FIG. 2 illustrates, schematically, an embodiment of a pixel 14. The pixel 14 comprises a region 26, and a region 30.

The region 26 comprises at least one light emitting element. For example, the light emitting element is, in the rest of the description, a light emitting diode. However, the light emitting element can be any kind of light emitting component. The region 26 comprises for example three light emitting diodes, a diode configured to provide blue light, a diode configured to provide green light, a diode configured to provide red light.

The region 30 is for example the pixel driver. The region 30 comprises analog and digital circuits. The region 30 comprises peripheral circuits. The region 30 comprises for example a power circuit, configured to provide the supply voltages of the pixels. The region 30 comprises for example control logic.

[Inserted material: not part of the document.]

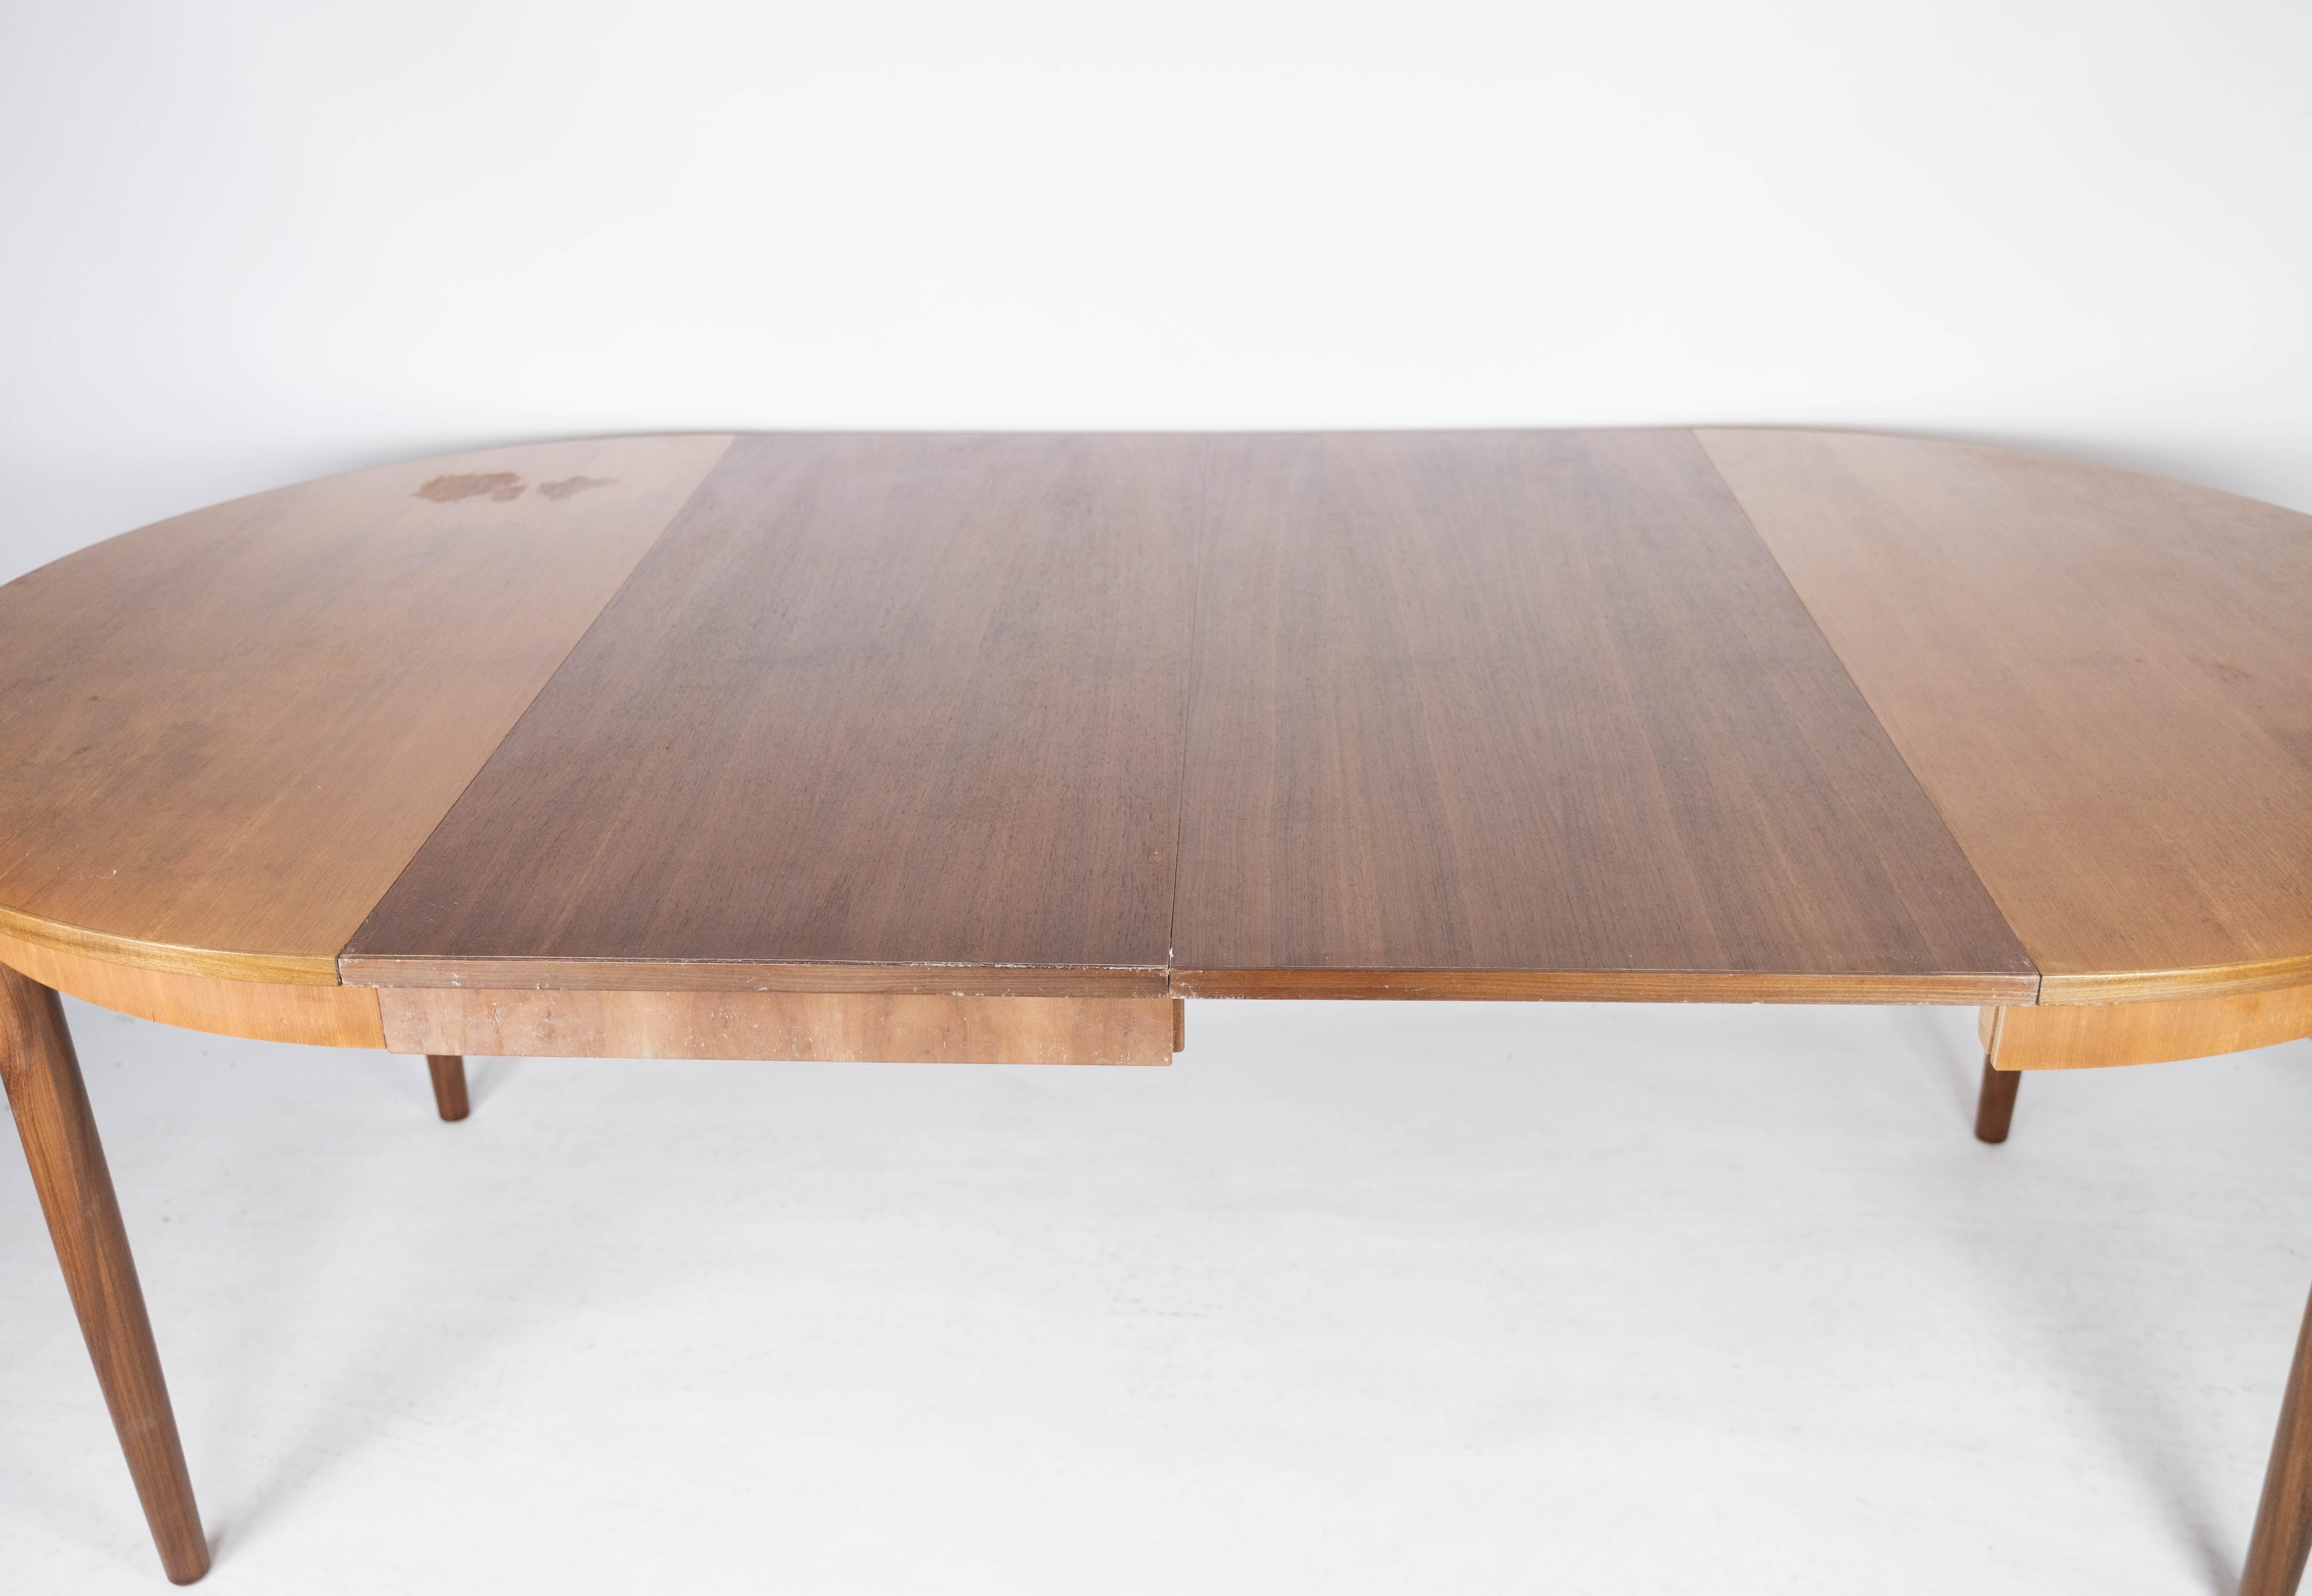 Dining Table Made In Teak With Extensions, Danish Design From 1960s For Sale 11

For example, each pixel comprises only four input pads, not represented. In other words, each pixel only receives four external voltages: a supply voltage, a reference voltage, for example the ground GND, a signal ROW transmitted along the row electrodes, and a signal COL transmitted along the column electrodes.

FIG. 3 illustrates, in more detail, a part of the pixel 14 of FIG. 2 according to an embodiment. In the example of FIG. 3, the pixel is configured to be coupled with other pixels in common anode.

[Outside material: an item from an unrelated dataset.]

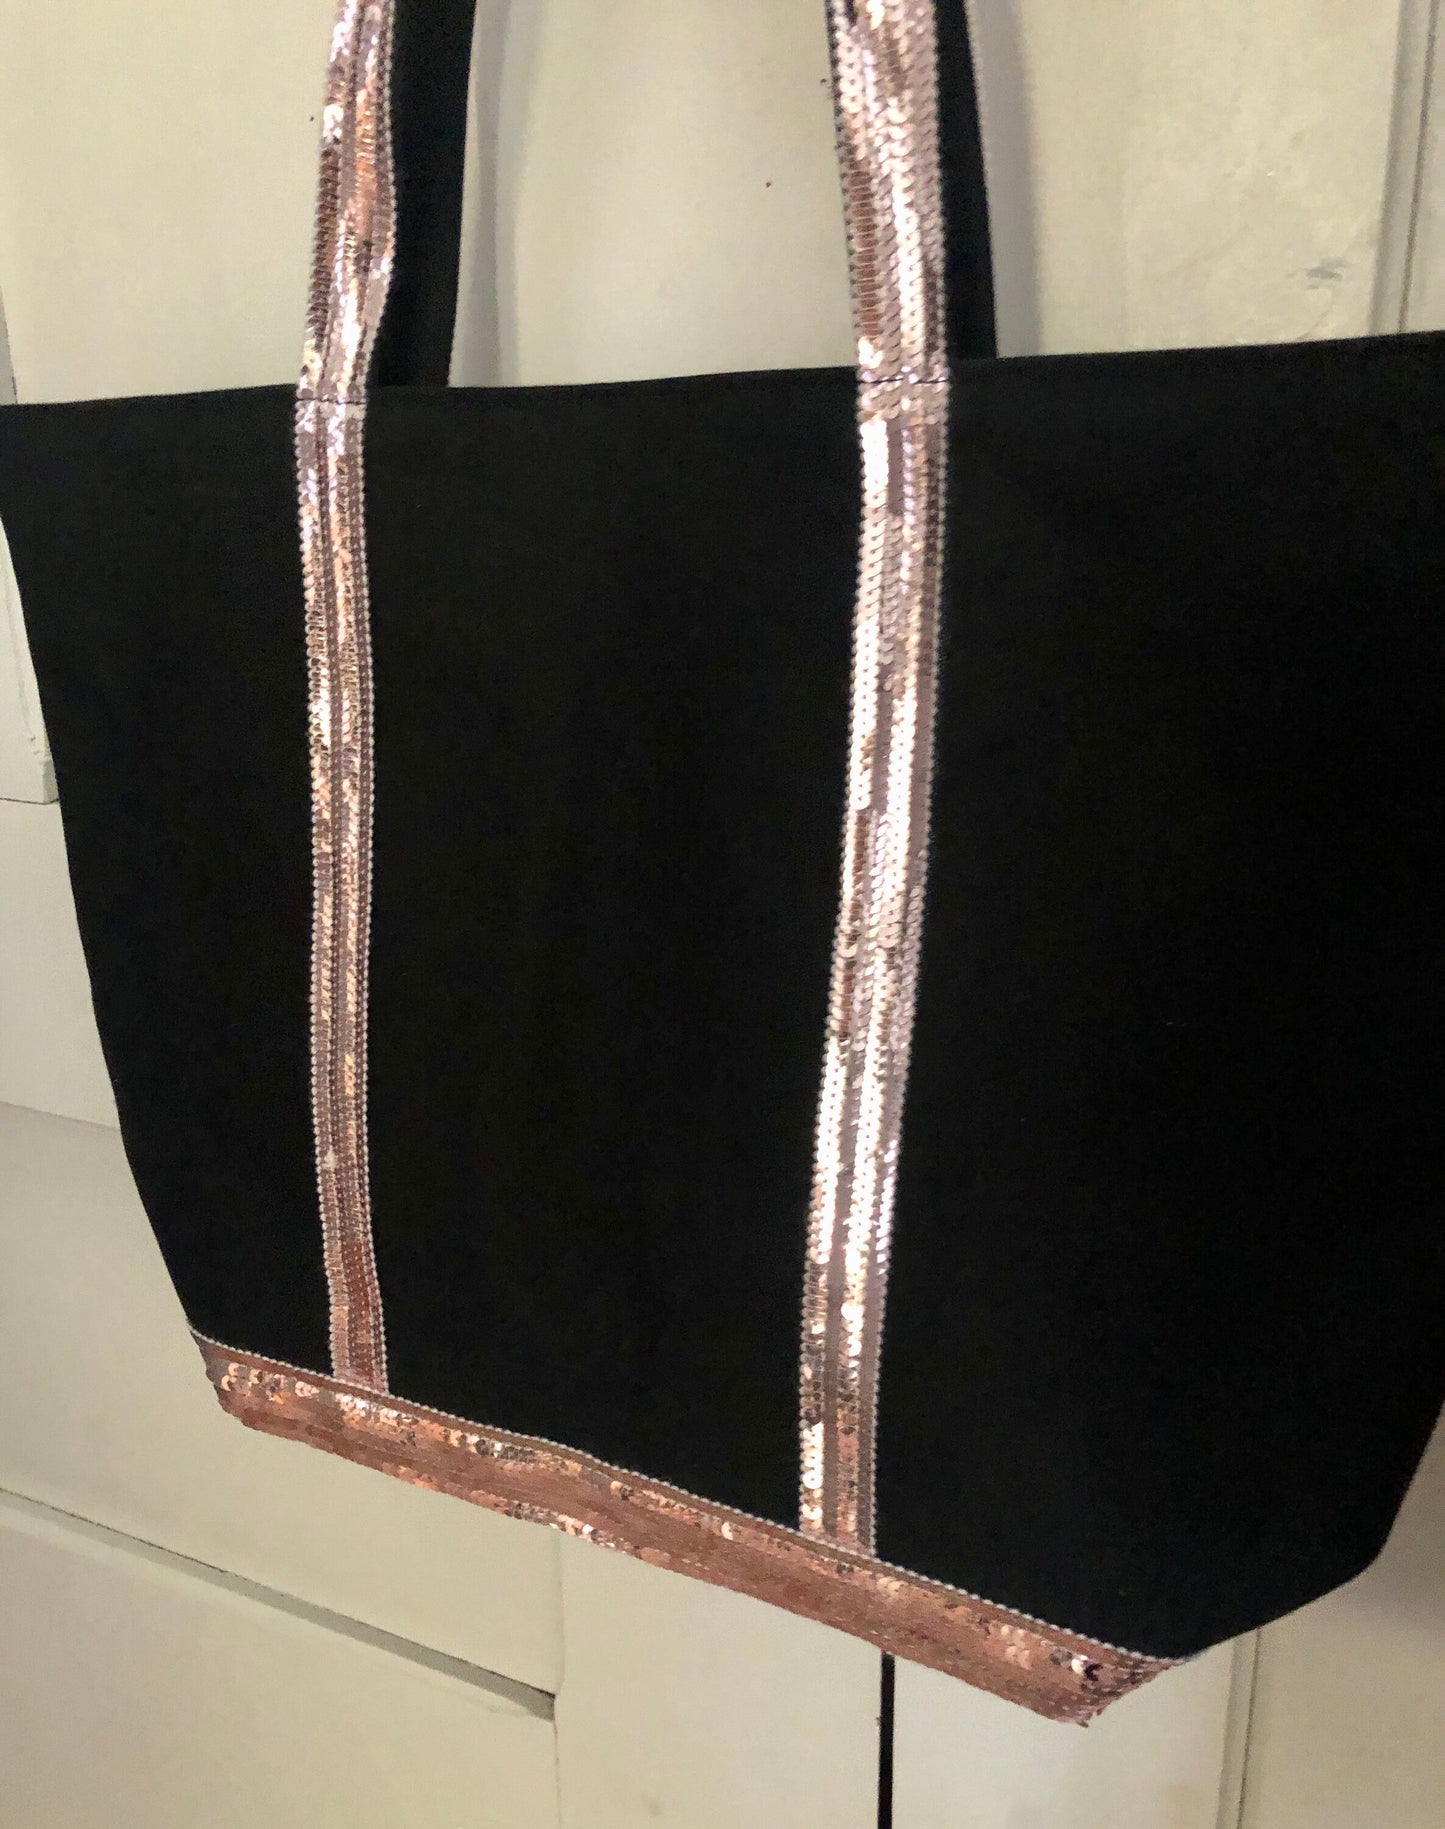 Black cotton canvas tote bag with pale pink sequins

The pixel 14 comprises a light emitting diode 32. The diode 32 is coupled in series with a transistor 36 and a switch 38 between a node 52 of application of a supply voltage VCC of the pixel and a node 40 of application of a reference voltage, for example the ground GND. The transistor 36 is for example a metal-oxide-semiconductor field-effect transistor (MOSFET), for example a p-channel transistor. The transistor 36 comprises a control terminal, for example a gate, and two conduction terminals, for example a drain and a source. The switch 38 comprises two terminals 48 and 50.

The diode 32, the switch 38 and the transistor 36 are coupled in series, between the node 52 and the node 40. The diode 32, the transistor 36 and the switch 38 are coupled so that the diodes of different pixels can be coupled with a common anode. The diode 32 is coupled between the node 52 and the switch 38. In other words, the anode of the diode 32 is coupled, preferably connected, to the node 52 and the cathode of the diode 32 is coupled, preferably connected, to the terminal 48 of the switch 38. The terminal 50 of the switch 38 is coupled to the node 40 by the transistor 36. In other words, the terminal 50 of the switch 38 is coupled, preferably connected, to a node 105, the node 105 being coupled, preferably connected, to a conductive terminal, for example the drain of the transistor 36 and the other conductive terminal, for example the source, of the transistor 36 is coupled, preferably connected, to the node 40.

The control terminal of the transistor 36 is coupled, preferably connected, to a circuit 106 configured to generate the voltage VGS.

The circuit 106 comprises a variable capacitive voltage divider. In other words, the circuit 106 comprises a voltage divider wherein the proportion between the two capacitive branches is variable.

The voltage divider, and therefore the circuit 106, comprises a capacitor 108. The capacitance of the capacitor 108 is preferably constant. The capacitor 108 is coupled between the control terminal of the transistor 36 and the node 40. A first terminal of the capacitor 108 is coupled, preferably connected, to a node 109, the node 109 being coupled, preferably connected, to the control terminal of the transistor 36. A second terminal of the capacitor 108 is coupled, preferably connected, to the node 40.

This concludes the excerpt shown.